"""
6_auto_hp_settings
==================

This Python script was automatically generated from the Jupyter notebook
6_auto_hp_settings.ipynb.

You can run this script directly or copy sections into your own code.
"""

# %% [markdown]
# ## Automated Hyperparameter Selection
# 
# This tutorial demonstrates how to automatically select optimal Gaussian Process hyperparameters for your surrogate model by testing multiple configurations and choosing the one with the best test set performance.
# 
# ### Why This Matters
# 
# GP surrogate model performance is highly sensitive to:
# - **Kernel choice** (ExpSquared, Matern32, Matern52, etc.)
# - **Data scaling** (no scaling, MinMax, StandardScaler)
# - **Other hyperparameters** (white noise, amplitude, length scales)
# 
# Rather than manually tuning these, we can systematically test combinations and select the best configuration based on test set mean squared error (MSE).

# %% [markdown]
# ### Step 1: Import Required Libraries
# 
# Import `alabi` and its submodules along with standard scientific computing libraries.

# %%
import alabi

import alabi.utility as ut

import alabi.benchmarks as bm

from alabi.core import SurrogateModel



import numpy as np

import pandas as pd

import matplotlib.pyplot as plt

from sklearn import preprocessing

from itertools import product



from matplotlib import rcParams

# rcParams['font.family'] = 'serif'

# rcParams['text.usetex'] = True



random_state = 101

np.random.seed(random_state)

# %% [markdown]
# ### Step 2: Define Problem and Base Configuration
# 
# Set up the benchmark problem (eggbox function) and define a base configuration for GP hyperparameters. These settings will be partially overridden when we test different combinations.
# 
# **Key parameters:**
# - `ninit`: Number of initial training points
# - `niter`: Number of active learning iterations
# - `ncore`: Number of CPU cores for parallel evaluation (use 1 if experiencing multiprocessing issues)
# - `white_noise`: Log-scale white noise parameter (increase if you see positive definiteness errors)

# %%
ninit = 50

niter = 100

basedir = "demo"

kernel = "ExpSquaredKernel"

benchmark = "rosenbrock"

savedir = f"{basedir}/{benchmark}/{kernel}/{ninit}_{niter}"
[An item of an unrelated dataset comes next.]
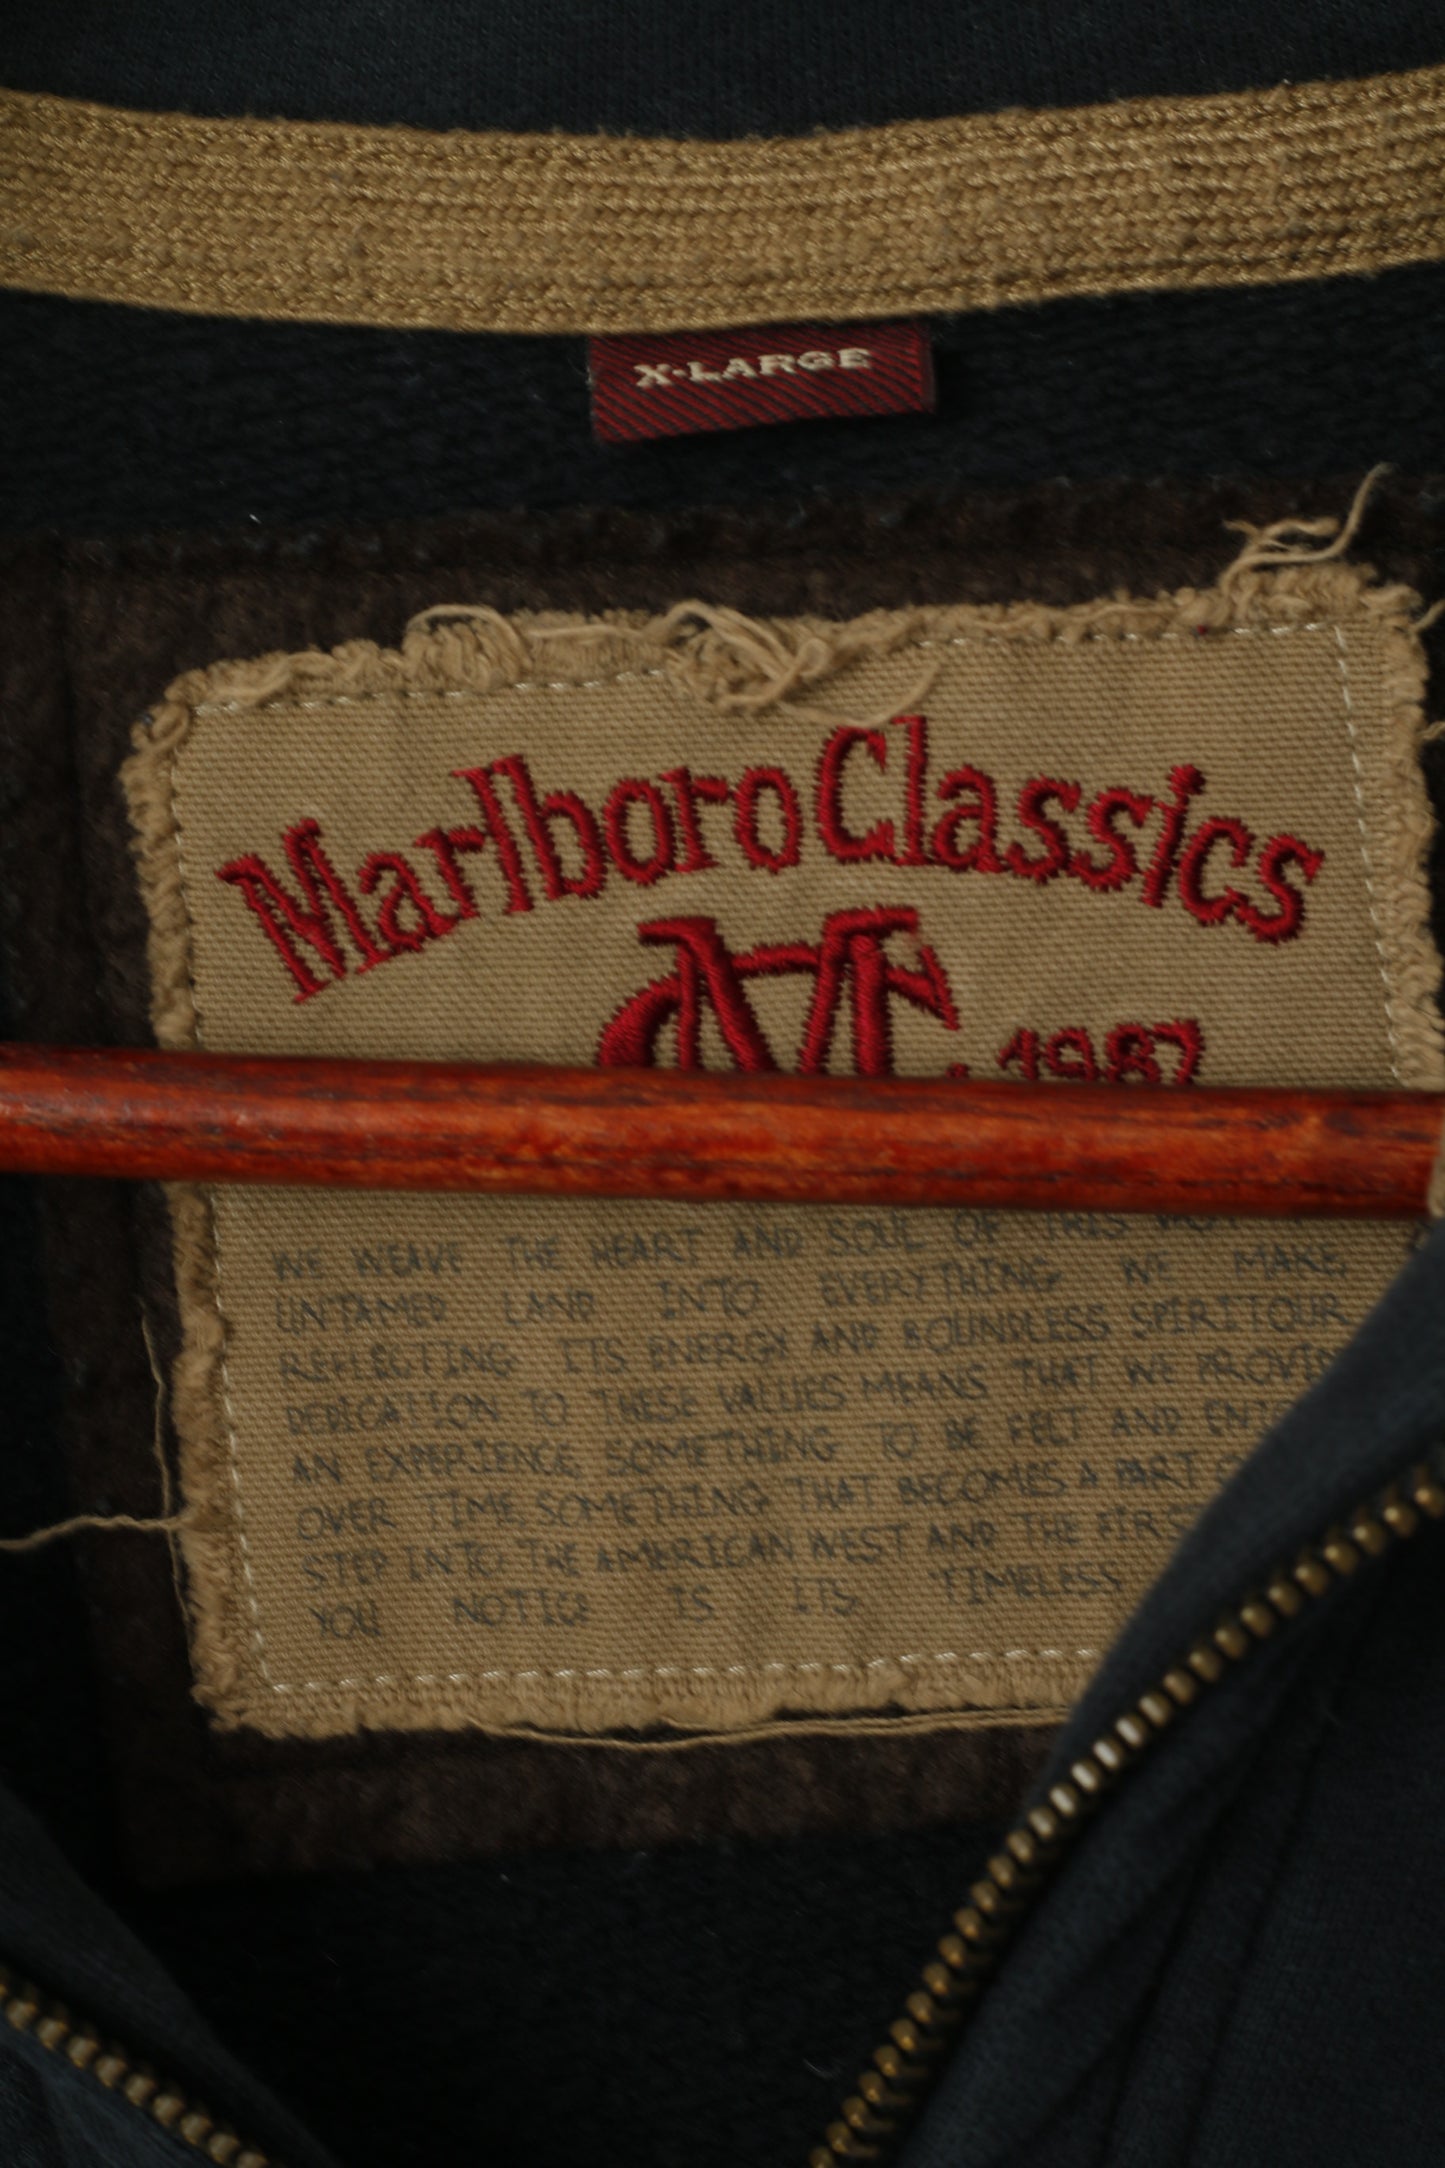 Marlboro Classsics Men XL (L) Sweatshirt Marine Coton Zip Neck vintage Pull Top

gp_kwargs = {"kernel": kernel, 

             "fit_amp": True, 

             "fit_mean": True, 

             "fit_white_noise": False, 

             "white_noise": -12,

             "gp_opt_method": "l-bfgs-b",

             "hyperopt_method": "cv",

             "cv_folds": 8,

             "gp_amp_rng": [-1,1],

             "gp_scale_rng": [-2,2],

             "theta_scaler": alabi.no_scaler,

             "y_scaler": alabi.no_scaler}

    

sm = SurrogateModel(lnlike_fn=bm.eggbox["fn"], 

                    bounds=bm.eggbox["bounds"], 

                    savedir=savedir,

                    ncore=8, 

                    pool_method="forkserver",

                    verbose=True,

                    random_state=random_state)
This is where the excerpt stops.